By sharing this adventure, I'm shredding any ounce of dignity I ever had. On Saturday afternoon our church youth group took a trip to Uncle Shuck's up in Dawsonville. It's got a pumpkin patch, hayrides, a bonfire, a corn cannon, lots of good food, and corn mazes! Here is an aerial view of this year's design.
We did both the regular mazes. It was muddy as all get out, from all the rain we've had here in Georgia, and so maneuvering through the corn was not just figuring out your way, but figuring out where to step. I had my purse with me and carried it in the crook of my arm. We got to laughing about how goofy I looked. One kid asked why I brought my pockeybook into the maze, to which he added "do you have checks to write or something?" — which we thought was the funniest thing ever. Here I am in all my "that lady's a character" glory.
A small group of us decided to stay for the haunted maze. That meant hanging out for an hour and a half until it got dark, but there was plenty to do (including good people watching, hands down one of my favorite pastimes). We watched zombies and Freddy Kruegers arrive, no doubt the people who would be scaring us. It was getting darker and darker. The bats were out in full force, flying above our heads and swooping in a little too close at times. When the sky was black, we went in.

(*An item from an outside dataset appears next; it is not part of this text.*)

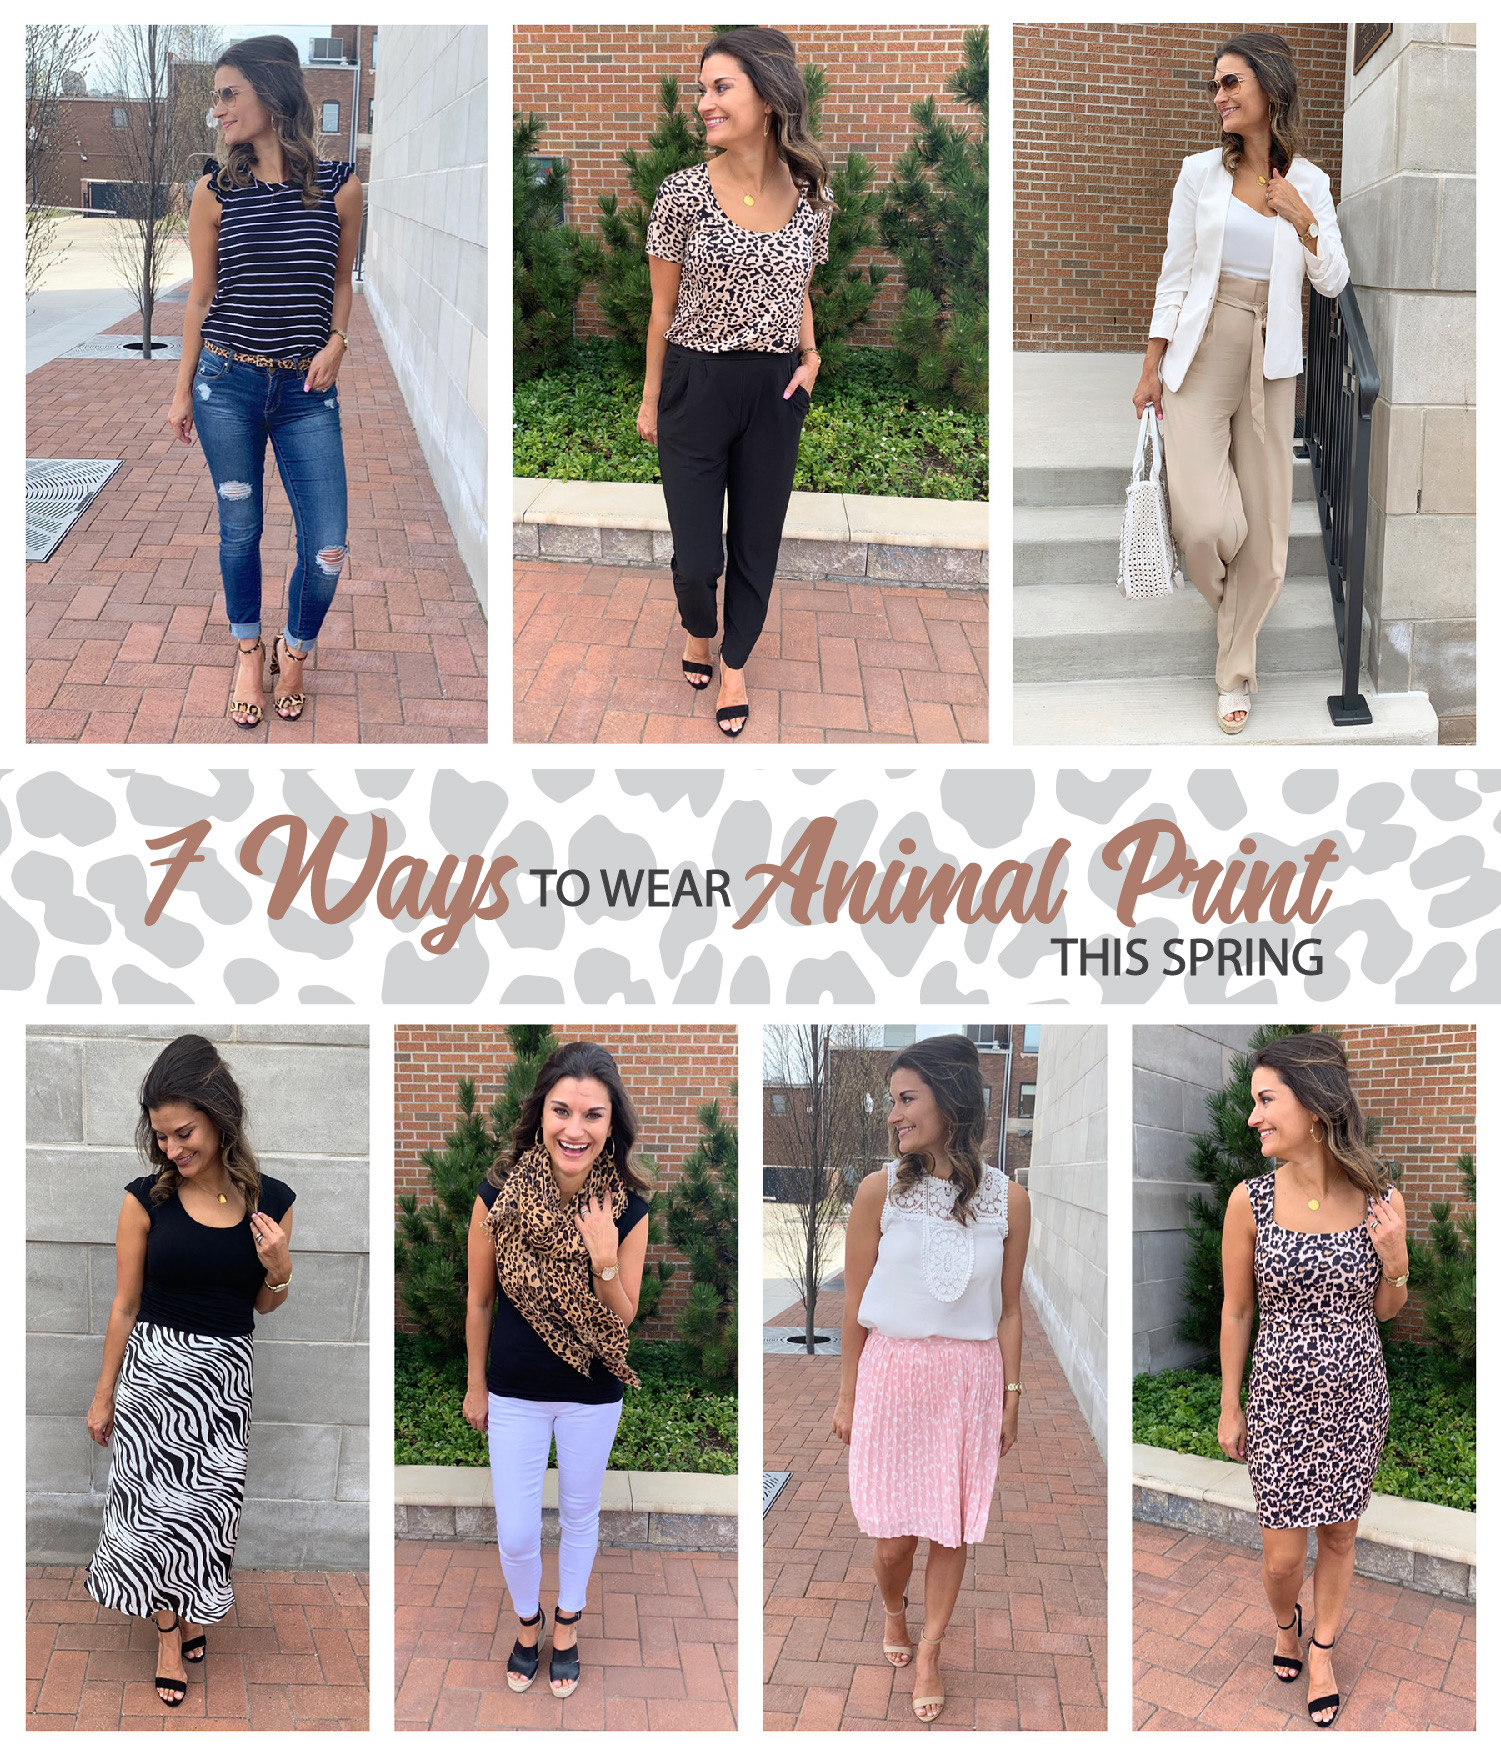 7 Ways to Wear Animal Print This Spring – Just Posted
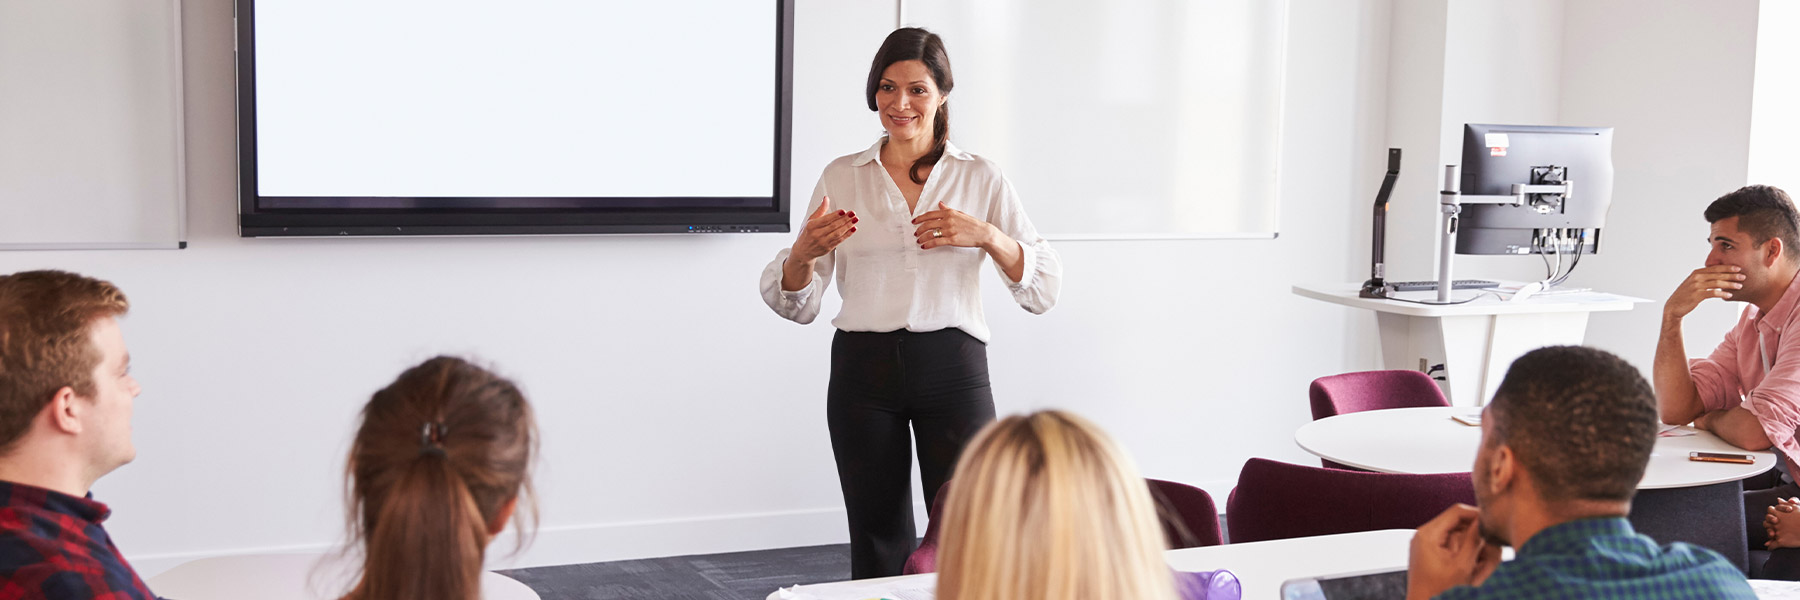 Woman standing in front of a white board talking to a group of people

It was horrific. We got chased by masked children with powered-up chain saws. People jumped out of the corn. You'd come around a corner and at the end of the row stood a barely-visible figure who would slowly walk towards you, but you couldn't turn around. Zombies dragged their almost lifeless bodies out of the corn, grabbing for your ankles. And with every blood curdling scream, I wet myself a little, until by the end of the haunted maze I had completely emptied my bladder. My pants were wet down to my knees. The lady who writes checks in corn mazes was a mess. And she had a blast!